Reference to "private" expression of opinions is significantly omitted.

Thereafter, Senator Hatch read the exact words of the civil service rule into the Record (id. 4547-4548):

"No person in the executive civil service shall use his official authority or influence for the purpose of interfering with an election or affecting the results thereof. Persons who by the provisions of these rules are in the competitive classified service, while retaining the right to vote as they please and to express privately their opinions on all political subjects, shall take no active part in political management or in political campaigns."

But the Senator then added:

"As I have so frequently said over and over again, that is almost the exact language of the pending bill and the exact langauge of the law that was passed,"

the reference to "the law" necessarily being to the original act, which as he had carefully pointed out, supra, did not prohibit public expressions of opinion.

Then occurred the following:

"Mr. BROWN. Let me interrupt the Senator. I ask the Senator if his substitute for section 15 relates to the interpretation of the rule?

"Mr. HATCH. Yes.

"Mr. BROWN. Does it say so?

"Mr. HATCH. Yes; it says that the provisions of the act shall be deemed to prohibit the same activities on the part of the persons affected by it as the United States Civil Service Commission has heretofore determined are at the time of the passage of the act prohibited on the part of employees in the classified civil service, limiting it to that particular time.

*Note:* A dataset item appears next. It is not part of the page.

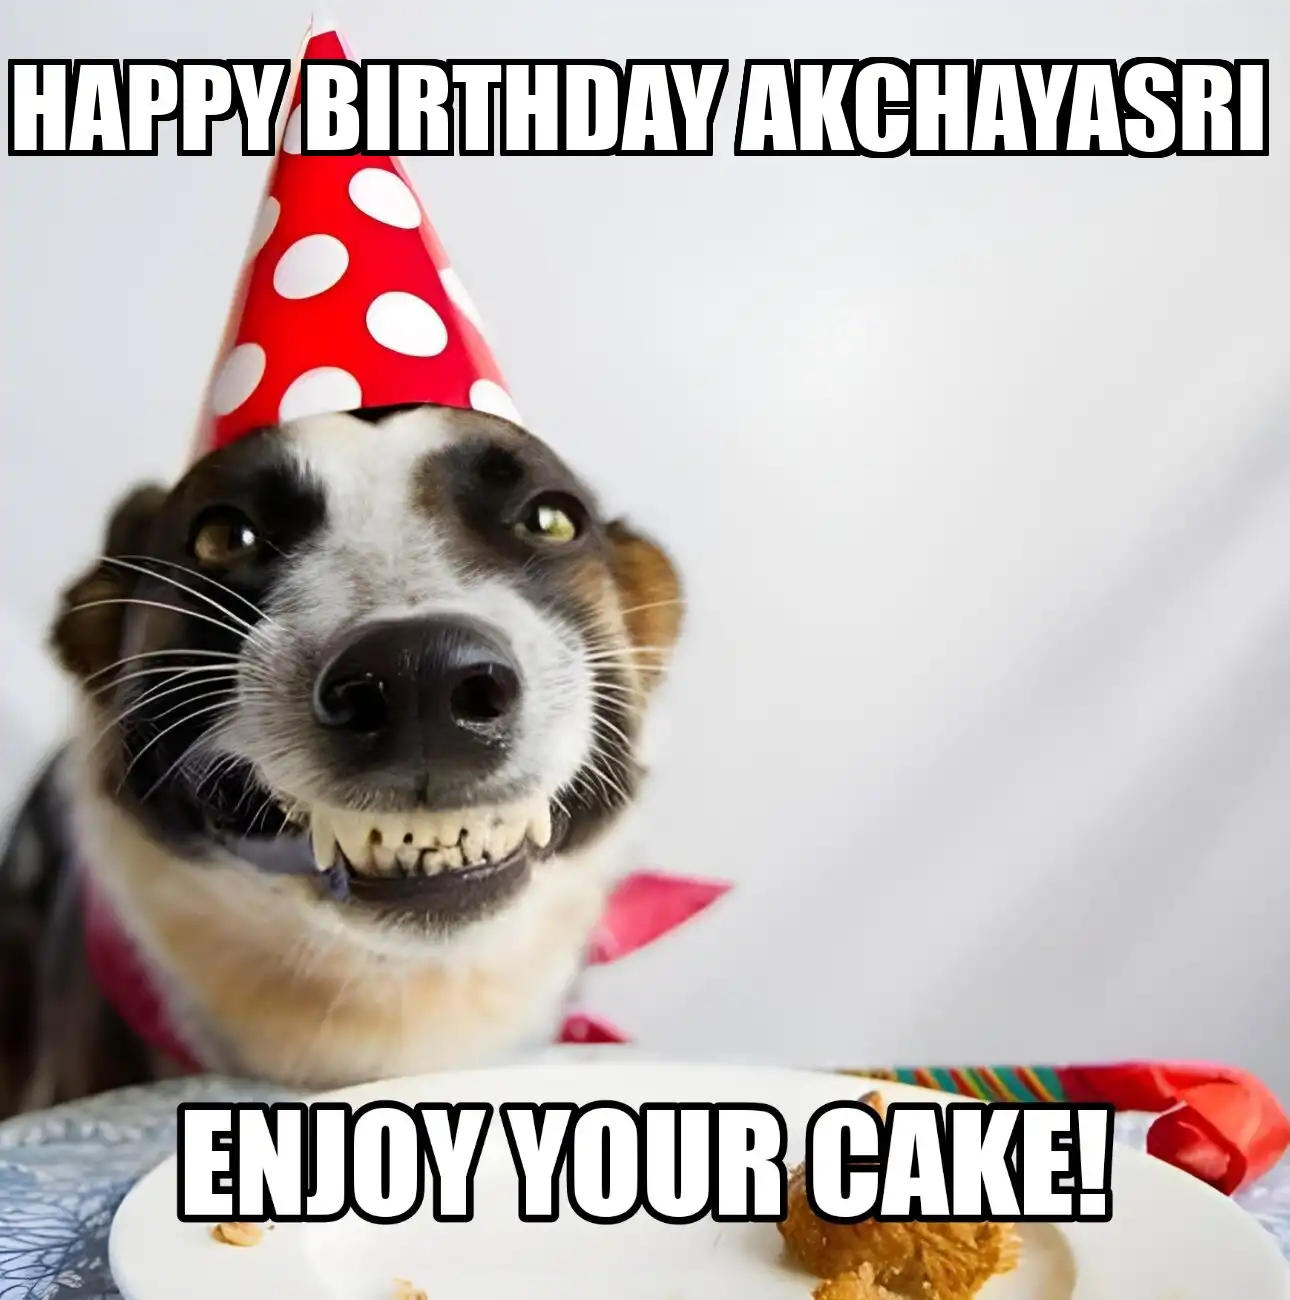 Happy Birthday Akchayasri Enjoy Your Cake Dog Meme
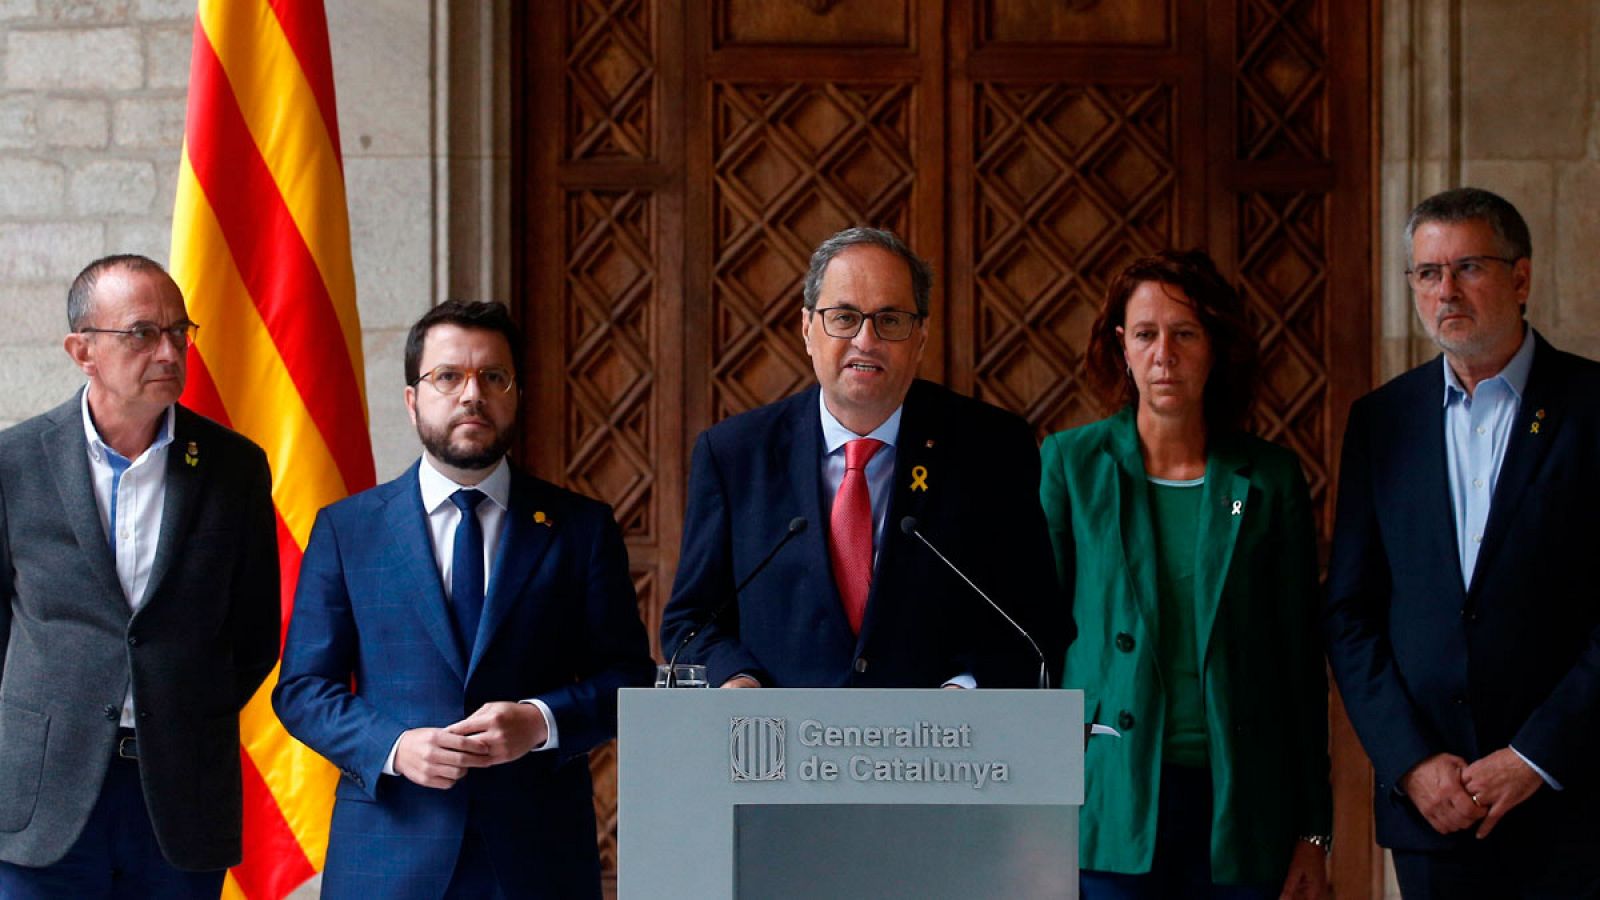 Cataluña | Torra insiste en desvincular la violencia del movimiento independentista y exige a Sánchez una reunión inmediata  - RTVE.es

"Mr. BROWN. Then, Mr. President, we not only are writing the rule into the statute

"Mr. HATCH. But we are writing into the statute the interpretation of it.

"Mr. BROWN. But we are writing into the statute the interpretation of the Civil Service Commission.

"Mr. HATCH. Yes, exactly."

Senator Hatch also stated (4548) that he was "endeavoring to have all employees put under exactly the same rule." After section 15 had been agreed to (4558) the Senator on March 18 stated (4588):

"Under the amendments which were made to the act permitting expression of opinion on all subjects, and eliminating the word 'privately,' I think the field was fully covered, and every needful protection given."

While this occurred after section 15 had been adopted, it was before the final passage of the bill. Thereafter, on the same day the bill was passed (4593).

It is clear that Senator Hatch, the author of the bill, did not intend through adoption of section 15 to put back into the statute the word "privately," which had been intentionally omitted. His reference to the fact that the Senate was writing into the statute the civil service rule and the interpretations of it was patently to the interpretations inserted in the Record, supra, 4537-4539. In stating that he was endeavoring to have all employees put under the same rule, it appears that he was speaking generally of the rules and interpretations of the Commission and not specifically of the part of Rule I now in question.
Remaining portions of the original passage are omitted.